*** Dataset extract Section Begins ***

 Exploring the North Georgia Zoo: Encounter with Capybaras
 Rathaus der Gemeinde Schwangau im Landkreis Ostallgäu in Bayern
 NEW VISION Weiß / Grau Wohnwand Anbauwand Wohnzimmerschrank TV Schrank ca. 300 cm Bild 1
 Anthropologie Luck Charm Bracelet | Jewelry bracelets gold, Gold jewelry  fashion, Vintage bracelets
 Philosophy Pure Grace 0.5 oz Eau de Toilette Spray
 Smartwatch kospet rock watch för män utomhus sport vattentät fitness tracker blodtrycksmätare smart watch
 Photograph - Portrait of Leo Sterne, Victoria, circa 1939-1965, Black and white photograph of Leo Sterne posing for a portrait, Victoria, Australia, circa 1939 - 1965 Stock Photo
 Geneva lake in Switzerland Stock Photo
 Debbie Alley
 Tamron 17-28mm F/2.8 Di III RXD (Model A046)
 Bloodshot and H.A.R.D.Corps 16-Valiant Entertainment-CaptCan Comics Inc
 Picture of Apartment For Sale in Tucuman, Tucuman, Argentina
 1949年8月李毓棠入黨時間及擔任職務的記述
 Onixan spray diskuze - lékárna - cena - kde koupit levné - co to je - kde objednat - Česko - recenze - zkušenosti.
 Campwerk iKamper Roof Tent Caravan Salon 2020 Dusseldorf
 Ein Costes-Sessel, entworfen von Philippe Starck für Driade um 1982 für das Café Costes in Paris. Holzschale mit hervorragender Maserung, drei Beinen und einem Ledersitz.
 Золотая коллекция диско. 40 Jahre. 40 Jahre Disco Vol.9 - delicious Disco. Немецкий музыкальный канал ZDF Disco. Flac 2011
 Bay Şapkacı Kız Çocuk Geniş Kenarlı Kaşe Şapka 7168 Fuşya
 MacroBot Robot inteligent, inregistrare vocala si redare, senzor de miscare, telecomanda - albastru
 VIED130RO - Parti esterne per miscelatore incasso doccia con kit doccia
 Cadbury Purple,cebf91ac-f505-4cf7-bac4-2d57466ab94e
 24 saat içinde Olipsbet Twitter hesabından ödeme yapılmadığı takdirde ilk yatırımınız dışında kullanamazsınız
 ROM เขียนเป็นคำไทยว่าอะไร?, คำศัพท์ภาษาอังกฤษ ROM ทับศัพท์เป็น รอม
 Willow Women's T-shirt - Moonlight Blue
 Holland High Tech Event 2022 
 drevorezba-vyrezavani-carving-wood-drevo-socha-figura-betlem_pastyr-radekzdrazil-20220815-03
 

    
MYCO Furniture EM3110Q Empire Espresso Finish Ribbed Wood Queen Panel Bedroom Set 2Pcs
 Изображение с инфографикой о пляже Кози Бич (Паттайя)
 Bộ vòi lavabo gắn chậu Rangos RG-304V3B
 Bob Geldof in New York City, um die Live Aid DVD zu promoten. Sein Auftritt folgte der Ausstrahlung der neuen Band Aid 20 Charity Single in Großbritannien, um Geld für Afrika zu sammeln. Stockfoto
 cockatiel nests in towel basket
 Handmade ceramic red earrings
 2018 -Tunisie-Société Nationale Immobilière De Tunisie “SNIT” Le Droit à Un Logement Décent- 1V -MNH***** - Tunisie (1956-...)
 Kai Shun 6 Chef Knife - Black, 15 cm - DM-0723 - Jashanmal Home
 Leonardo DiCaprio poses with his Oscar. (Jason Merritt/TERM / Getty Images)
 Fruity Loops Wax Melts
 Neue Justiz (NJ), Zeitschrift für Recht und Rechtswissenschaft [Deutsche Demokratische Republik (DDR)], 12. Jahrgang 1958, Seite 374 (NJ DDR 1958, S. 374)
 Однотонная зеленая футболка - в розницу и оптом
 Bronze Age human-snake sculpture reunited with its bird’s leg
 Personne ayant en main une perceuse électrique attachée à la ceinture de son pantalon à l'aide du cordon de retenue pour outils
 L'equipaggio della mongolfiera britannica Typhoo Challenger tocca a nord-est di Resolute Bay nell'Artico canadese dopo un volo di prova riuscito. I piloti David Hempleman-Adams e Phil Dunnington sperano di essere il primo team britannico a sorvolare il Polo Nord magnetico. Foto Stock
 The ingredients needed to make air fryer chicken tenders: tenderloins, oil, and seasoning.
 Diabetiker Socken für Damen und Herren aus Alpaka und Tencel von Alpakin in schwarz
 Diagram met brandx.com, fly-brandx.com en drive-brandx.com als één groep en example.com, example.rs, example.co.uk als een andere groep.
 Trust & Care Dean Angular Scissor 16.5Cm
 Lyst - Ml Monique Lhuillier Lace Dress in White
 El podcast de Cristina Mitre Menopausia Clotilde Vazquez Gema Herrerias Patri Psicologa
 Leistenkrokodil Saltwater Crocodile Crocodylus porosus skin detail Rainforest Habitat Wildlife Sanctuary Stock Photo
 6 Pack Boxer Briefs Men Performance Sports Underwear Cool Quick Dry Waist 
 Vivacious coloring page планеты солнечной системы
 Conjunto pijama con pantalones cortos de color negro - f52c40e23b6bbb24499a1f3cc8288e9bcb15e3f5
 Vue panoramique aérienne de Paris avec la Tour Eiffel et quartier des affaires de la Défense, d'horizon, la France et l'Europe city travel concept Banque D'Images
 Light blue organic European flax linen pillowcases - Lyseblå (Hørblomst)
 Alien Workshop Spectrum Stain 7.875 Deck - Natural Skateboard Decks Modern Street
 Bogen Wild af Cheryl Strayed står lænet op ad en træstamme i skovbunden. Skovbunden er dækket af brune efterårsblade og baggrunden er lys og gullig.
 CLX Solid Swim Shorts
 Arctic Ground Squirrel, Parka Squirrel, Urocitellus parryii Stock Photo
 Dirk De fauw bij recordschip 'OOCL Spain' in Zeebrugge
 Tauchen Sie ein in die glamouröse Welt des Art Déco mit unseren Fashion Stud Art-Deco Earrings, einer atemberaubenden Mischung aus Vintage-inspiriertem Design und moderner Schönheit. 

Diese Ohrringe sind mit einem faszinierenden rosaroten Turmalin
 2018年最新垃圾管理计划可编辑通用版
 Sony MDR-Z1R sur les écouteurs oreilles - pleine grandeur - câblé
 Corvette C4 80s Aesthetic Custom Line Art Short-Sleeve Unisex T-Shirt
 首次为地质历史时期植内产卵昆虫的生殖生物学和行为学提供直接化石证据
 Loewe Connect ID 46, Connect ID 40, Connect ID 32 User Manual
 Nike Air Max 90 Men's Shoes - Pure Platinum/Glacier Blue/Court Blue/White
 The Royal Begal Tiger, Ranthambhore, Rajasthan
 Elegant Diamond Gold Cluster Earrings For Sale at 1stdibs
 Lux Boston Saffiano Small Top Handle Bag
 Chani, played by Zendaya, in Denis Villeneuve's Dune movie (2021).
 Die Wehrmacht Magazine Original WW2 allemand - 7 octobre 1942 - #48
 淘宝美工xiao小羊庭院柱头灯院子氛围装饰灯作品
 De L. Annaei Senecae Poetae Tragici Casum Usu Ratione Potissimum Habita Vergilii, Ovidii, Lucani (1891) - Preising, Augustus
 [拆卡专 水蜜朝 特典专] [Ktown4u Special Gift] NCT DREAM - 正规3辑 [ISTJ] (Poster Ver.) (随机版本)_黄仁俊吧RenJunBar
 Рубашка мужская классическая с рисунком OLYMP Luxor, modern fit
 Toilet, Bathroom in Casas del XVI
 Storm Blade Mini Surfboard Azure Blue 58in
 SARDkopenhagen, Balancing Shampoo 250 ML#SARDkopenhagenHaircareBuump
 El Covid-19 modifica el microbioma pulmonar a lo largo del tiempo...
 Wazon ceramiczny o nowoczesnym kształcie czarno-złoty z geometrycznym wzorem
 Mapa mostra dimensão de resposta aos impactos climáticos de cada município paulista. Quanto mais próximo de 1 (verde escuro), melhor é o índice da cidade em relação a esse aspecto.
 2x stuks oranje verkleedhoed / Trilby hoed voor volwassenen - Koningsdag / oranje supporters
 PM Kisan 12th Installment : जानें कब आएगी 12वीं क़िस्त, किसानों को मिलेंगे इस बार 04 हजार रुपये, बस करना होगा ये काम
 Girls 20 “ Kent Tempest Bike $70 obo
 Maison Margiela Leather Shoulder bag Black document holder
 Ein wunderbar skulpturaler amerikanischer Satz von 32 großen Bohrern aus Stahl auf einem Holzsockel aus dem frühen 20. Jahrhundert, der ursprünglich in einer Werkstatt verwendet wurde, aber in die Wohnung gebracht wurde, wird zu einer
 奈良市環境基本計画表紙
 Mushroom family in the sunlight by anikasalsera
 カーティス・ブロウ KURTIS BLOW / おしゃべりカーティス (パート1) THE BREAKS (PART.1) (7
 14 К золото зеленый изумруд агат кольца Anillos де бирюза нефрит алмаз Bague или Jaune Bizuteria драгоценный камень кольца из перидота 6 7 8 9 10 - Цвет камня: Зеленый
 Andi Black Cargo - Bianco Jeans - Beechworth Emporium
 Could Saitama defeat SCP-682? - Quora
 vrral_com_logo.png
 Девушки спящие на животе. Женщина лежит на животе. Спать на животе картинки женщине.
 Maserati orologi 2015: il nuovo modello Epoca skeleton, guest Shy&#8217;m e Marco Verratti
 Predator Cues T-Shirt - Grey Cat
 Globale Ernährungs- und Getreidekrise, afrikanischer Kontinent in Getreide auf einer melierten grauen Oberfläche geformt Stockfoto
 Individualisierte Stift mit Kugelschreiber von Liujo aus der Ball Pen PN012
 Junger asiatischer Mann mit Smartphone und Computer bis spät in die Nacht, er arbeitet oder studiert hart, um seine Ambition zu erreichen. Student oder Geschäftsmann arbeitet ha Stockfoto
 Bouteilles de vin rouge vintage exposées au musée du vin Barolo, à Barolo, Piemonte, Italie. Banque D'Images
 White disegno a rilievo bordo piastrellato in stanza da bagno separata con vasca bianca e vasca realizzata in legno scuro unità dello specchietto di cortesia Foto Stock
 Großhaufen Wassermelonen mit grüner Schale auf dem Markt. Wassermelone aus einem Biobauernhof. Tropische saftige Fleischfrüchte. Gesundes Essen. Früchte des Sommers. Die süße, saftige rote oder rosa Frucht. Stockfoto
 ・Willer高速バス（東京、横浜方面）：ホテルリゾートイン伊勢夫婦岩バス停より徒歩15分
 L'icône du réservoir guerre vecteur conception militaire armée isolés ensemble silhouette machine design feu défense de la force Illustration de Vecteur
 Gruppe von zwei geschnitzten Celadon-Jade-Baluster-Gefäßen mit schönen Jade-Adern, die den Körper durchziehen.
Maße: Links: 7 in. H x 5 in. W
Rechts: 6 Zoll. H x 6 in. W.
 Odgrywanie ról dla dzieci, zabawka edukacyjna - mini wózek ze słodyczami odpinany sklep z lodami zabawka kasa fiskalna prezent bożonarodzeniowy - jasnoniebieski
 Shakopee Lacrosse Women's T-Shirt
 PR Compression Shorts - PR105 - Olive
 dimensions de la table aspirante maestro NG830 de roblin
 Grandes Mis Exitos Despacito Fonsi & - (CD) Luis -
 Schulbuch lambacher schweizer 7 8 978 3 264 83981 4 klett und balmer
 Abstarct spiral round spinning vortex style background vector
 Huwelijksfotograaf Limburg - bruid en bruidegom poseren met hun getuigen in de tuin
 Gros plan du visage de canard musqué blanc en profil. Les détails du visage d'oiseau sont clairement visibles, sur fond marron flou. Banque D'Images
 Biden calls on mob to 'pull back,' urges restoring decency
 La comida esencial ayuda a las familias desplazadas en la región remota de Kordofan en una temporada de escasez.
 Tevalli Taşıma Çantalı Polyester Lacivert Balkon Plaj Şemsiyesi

*** Dataset extract Section Ends ***

◆ Activity ◆
From the records above, print only the lines between the one holding "2018年最新垃圾管理计划可编辑通用版" and the one holding "Рубашка мужская классическая", inclusive, exactly as they stand.

◆ Result for this exercise ◆
 2018年最新垃圾管理计划可编辑通用版
 Sony MDR-Z1R sur les écouteurs oreilles - pleine grandeur - câblé
 Corvette C4 80s Aesthetic Custom Line Art Short-Sleeve Unisex T-Shirt
 首次为地质历史时期植内产卵昆虫的生殖生物学和行为学提供直接化石证据
 Loewe Connect ID 46, Connect ID 40, Connect ID 32 User Manual
 Nike Air Max 90 Men's Shoes - Pure Platinum/Glacier Blue/Court Blue/White
 The Royal Begal Tiger, Ranthambhore, Rajasthan
 Elegant Diamond Gold Cluster Earrings For Sale at 1stdibs
 Lux Boston Saffiano Small Top Handle Bag
 Chani, played by Zendaya, in Denis Villeneuve's Dune movie (2021).
 Die Wehrmacht Magazine Original WW2 allemand - 7 octobre 1942 - #48
 淘宝美工xiao小羊庭院柱头灯院子氛围装饰灯作品
 De L. Annaei Senecae Poetae Tragici Casum Usu Ratione Potissimum Habita Vergilii, Ovidii, Lucani (1891) - Preising, Augustus
 [拆卡专 水蜜朝 特典专] [Ktown4u Special Gift] NCT DREAM - 正规3辑 [ISTJ] (Poster Ver.) (随机版本)_黄仁俊吧RenJunBar
 Рубашка мужская классическая с рисунком OLYMP Luxor, modern fit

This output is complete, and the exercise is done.